Performers and programmers are making admirable moves to create more diverse concert programmes, with the inclusion of more works by women and BAME artists. But exactly how diverse are concert programmes?
A new report from Donne makes sobering reading. Donne is a new charitable foundation, created by soprano Gabriella di Laccio, whose goal is to celebrate, advance, and amplify women in music. For their report Equality & Diversity in Concerto Halls [download PDF], researchers looked at the 2020/21 concert programmes world-wide, and examined the gender balance and percentages of Black & Asian composers in scheduled concerts from 100 orchestras in 27 countries.
It makes sobering reading.
The results show that only 11.45% of the scheduled concerts worldwide included compositions by women; 88.55% included solely compositions written by men. Only 747 out of the 14,747 compositions scheduled by the 100 orchestras throughout the 2020-2021 season, were composed by women – a total of 5%. One alarming fact is that only 1.11% of the pieces were composed by Black & Asian women and only 2.43% by Black & Asian men.
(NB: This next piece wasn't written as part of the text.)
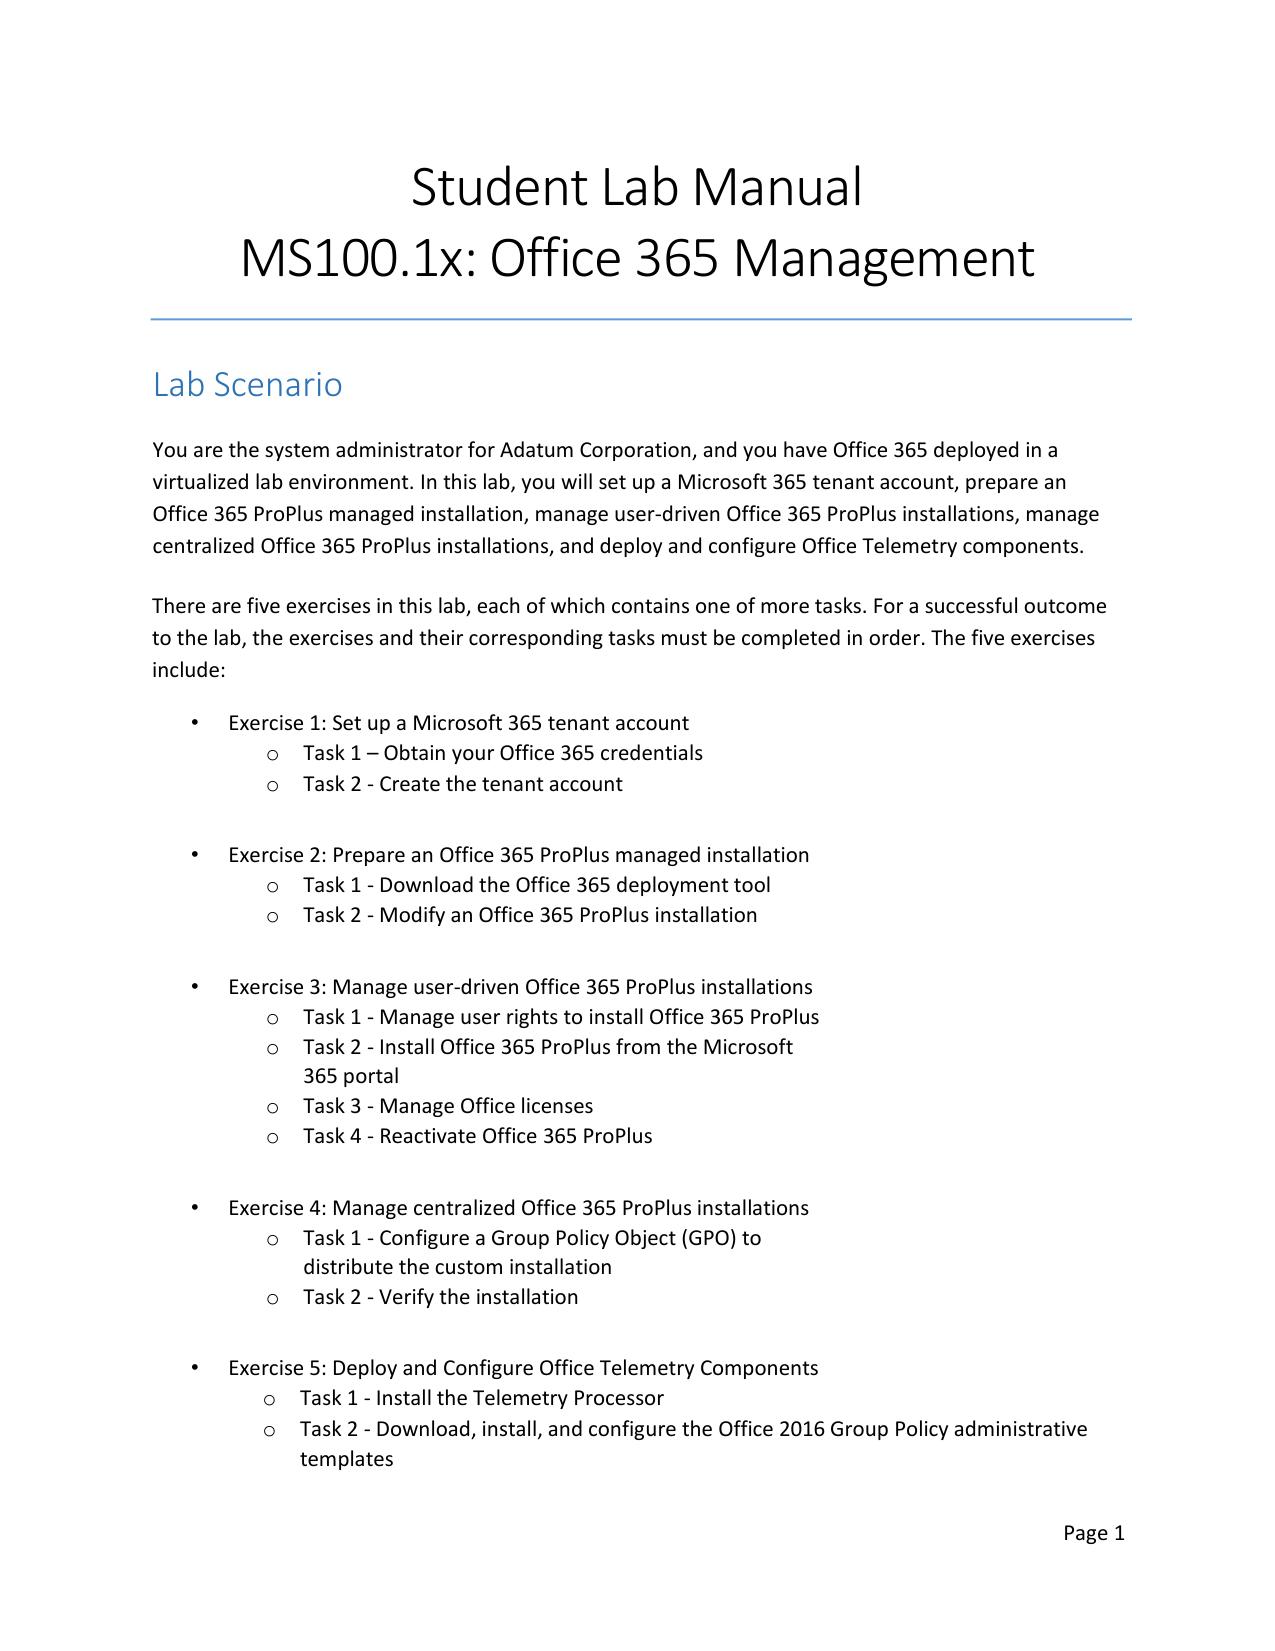 MS-100T01A-ENU-StudentLabManual

One reason for this is highlighted in the list of the top 10 most played composers, Beethoven, Mozart, R. Strauss, Brahms, Tchaikovsky, Schumann, Mahler, Ravel, Sibelius, Dvorak. It is clear that whilst orchestras might programme works by women composers, we are a long way off from any works reaching real popularity levels.
The report also breaks things down on an orchestra by orchestra basis. Some ensembles come out very well, the BBC Concert Orchestra scheduled 54.55% of its concerts with works by women, which is 31.71% of all scheduled compositions. Similarly the BBC Symphony Orchestra (50%, 13.33%), which speaks volumes for the BBC's drive for parity. That Chineke! Orchestra scheduled 72.73% of its concerts with works by women with 22.92% of all compositions by Black & Asian women, and 35.42% of all compositions by Black & Asian men should not surprise, but it certainly shows what is possible within the current concert framework. The Southbank Sinfonia is another ensemble that scores highly (50%, 20.63%) as does Aurora Orchestra (41.67%, 25/%).
Many European orchestras achieve lower scores and the leaders are the Iceland Symphony Orchestra (51.35%, 18.38%), Royal Stockholm Philharmonic (46.97%, 24.20%) Oslo Philharmonic (29.03%, 71.14%), Helsinki Philharmonic (25%, 11%), but an alarming number of European orchestras seem to have low figures or 0%! The situation in the American orchestras is similarly varied, with some admirable and some not. The rest of the world is patchy.
Inevitably, the effects of the pandemic are felt, some orchestras have few scheduled concerts, seasons having never actually made it to print, and even those scheduled will inevitably have been affected by restrictions. And I noticed over the last 18 months that when ensembles were performing with smaller numbers for on-line audiences, the concert programmes showed greater imagination and daring than live programmes.
This is an admirable and sobering piece of research, and I do hope that the foundation is able to continue this. The report also has a resource list for those looking for works, and there is a helpful web page on the foundation's website.